I'm thinking that it's a once in a lifetime lesson for them. They'll heal like, well, five year olds. And they'll be ticked at me. I'm over 40. 

Besides, it's chump change. 

One of the other quizzes on the same site calculates how much your body is worth in cold cash. Even with the bulk discount we're talking serious money here.


----------



## bushidomartialarts (Dec 18, 2007)

34.

Must be all the experience from the after school program I run.


----------



## Ceicei (Dec 18, 2007)

18....


----------



## exile (Dec 18, 2007)

27. Too few, since it's well known in the early post-toddler mob violence research community that homicidal 5-year olds run in packs averaging on the order of 36 or so, making Mark B. probably the only one of us who will survive the Preschool Thunderdome Challenge (you know: 37 enter&#8212;one walks out). I'm probably making some elementary mistake....


----------



## Cirdan (Dec 19, 2007)

Reminds me of the Monthy Python part where gangs of old women run amok terrorizing the city. Do they have a test for who many 95 year olds you could take too?


----------



## CoryKS (Dec 19, 2007)

Cirdan said:


> Reminds me of the Monthy Python part where gangs of old women run amok terrorizing the city. Do they have a test for who many 95 year olds you could take too?


 
I think you can just take your score from the "Surviving the Zombie Apocalypse" test.


----------



## kenpofighter (Dec 19, 2007)

I got control over 20 of those kids! Whew, that makes me feel better when I am teaching the kid's karate.


----------



## Big Don (Dec 19, 2007)

Cirdan said:


> Reminds me of the Monthy Python part where gangs of old women run amok terrorizing the city. Do they have a test for who many 95 year olds you could take too?
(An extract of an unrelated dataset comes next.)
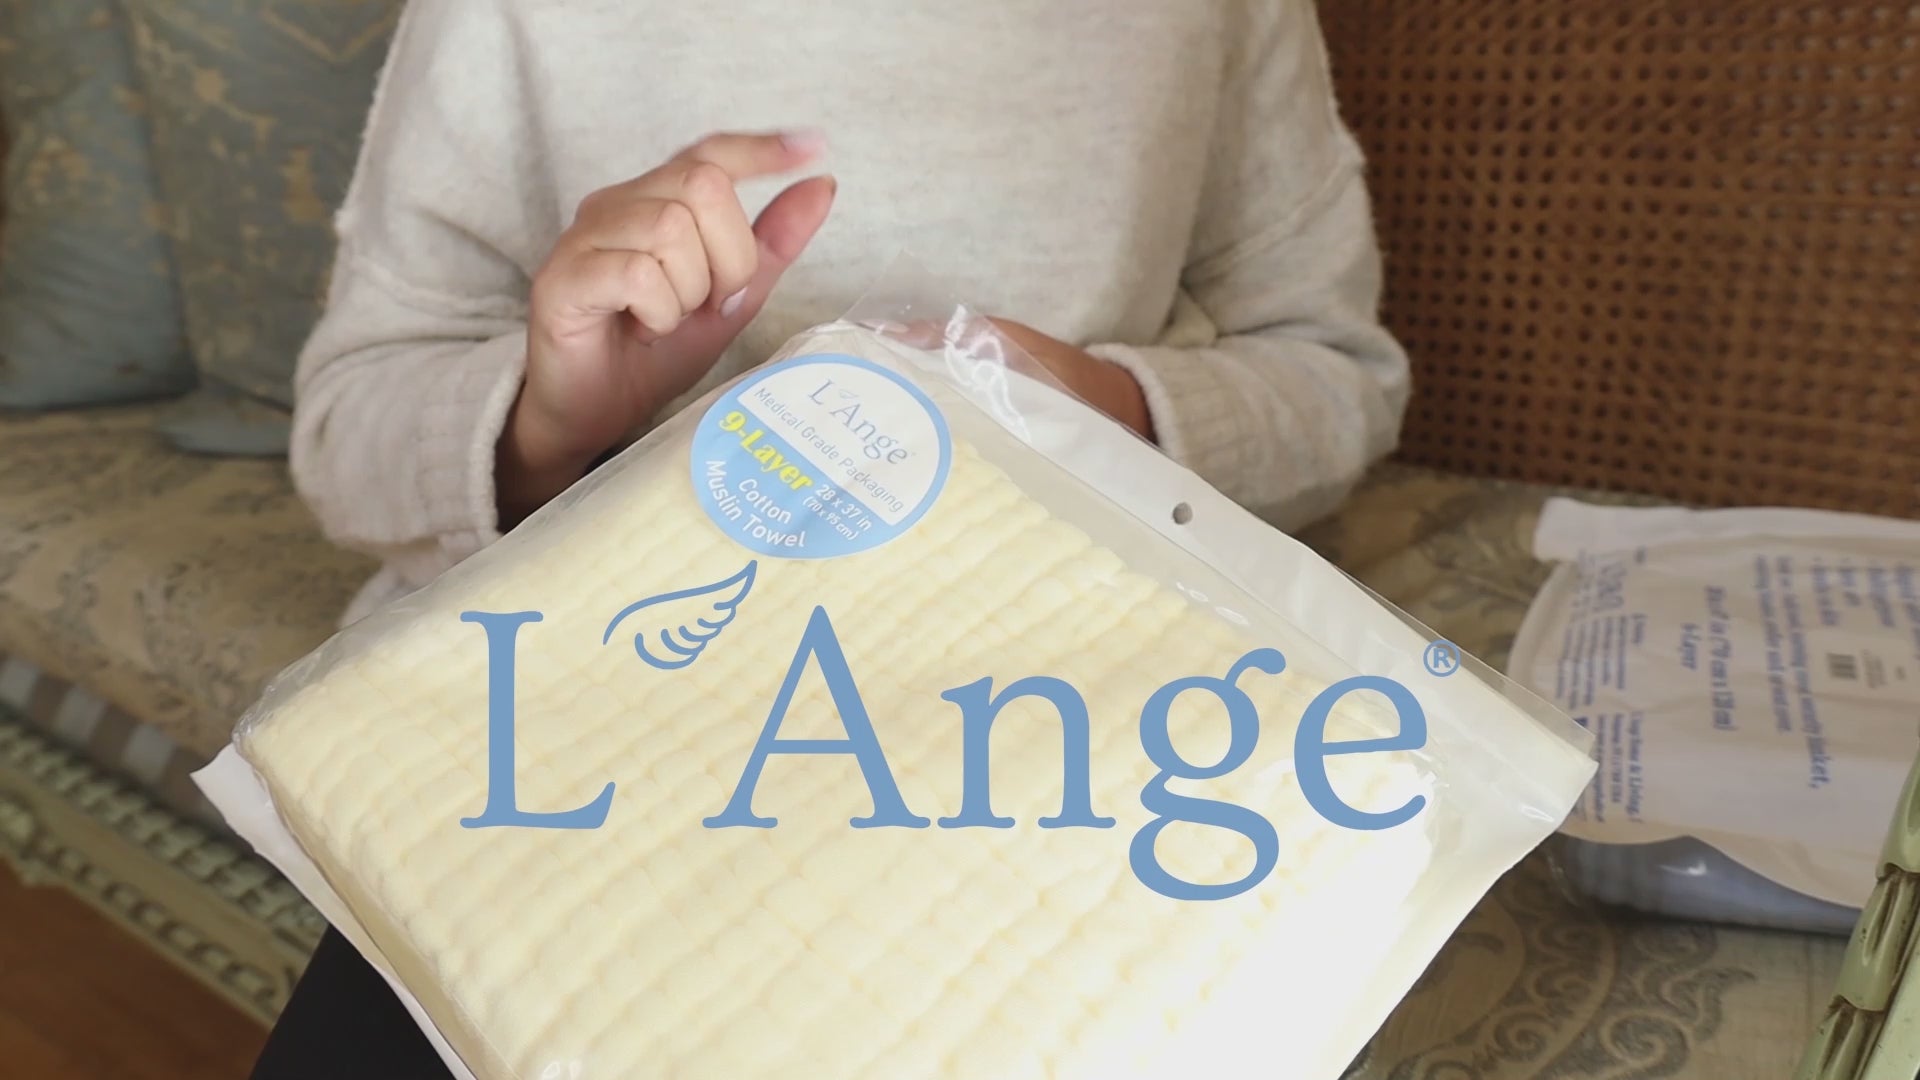 L'Ange Baby 6-Layer Small Cotton Muslin Bath Towel

Its pretty much the same test, just with allowances made for support hose and depends.


----------



## tellner (Dec 19, 2007)

Combine 'em. How many zombie five year olds could you take? Get a room full of five year olds. Add Barney, Yanni and video games...


----------



## Big Don (Dec 19, 2007)

tellner said:


> Combine 'em. How many zombie five year olds could you take?


Come on now, it is bad enough that little kids bite, eating people is out of the damn question.


----------



## LuzRD (Dec 19, 2007)

27?? i know i could do better than that!


----------



## Aikikitty (Dec 19, 2007)

Man, I can only handle 19 of them.  

Robyn :tantrum:


----------



## shesulsa (Dec 19, 2007)

tellner said:


> Combine 'em. How many zombie five year olds could you take? Get a room full of five year olds. Add Barney, Yanni and video games...


You forgot the Ritalin and Adderal.


----------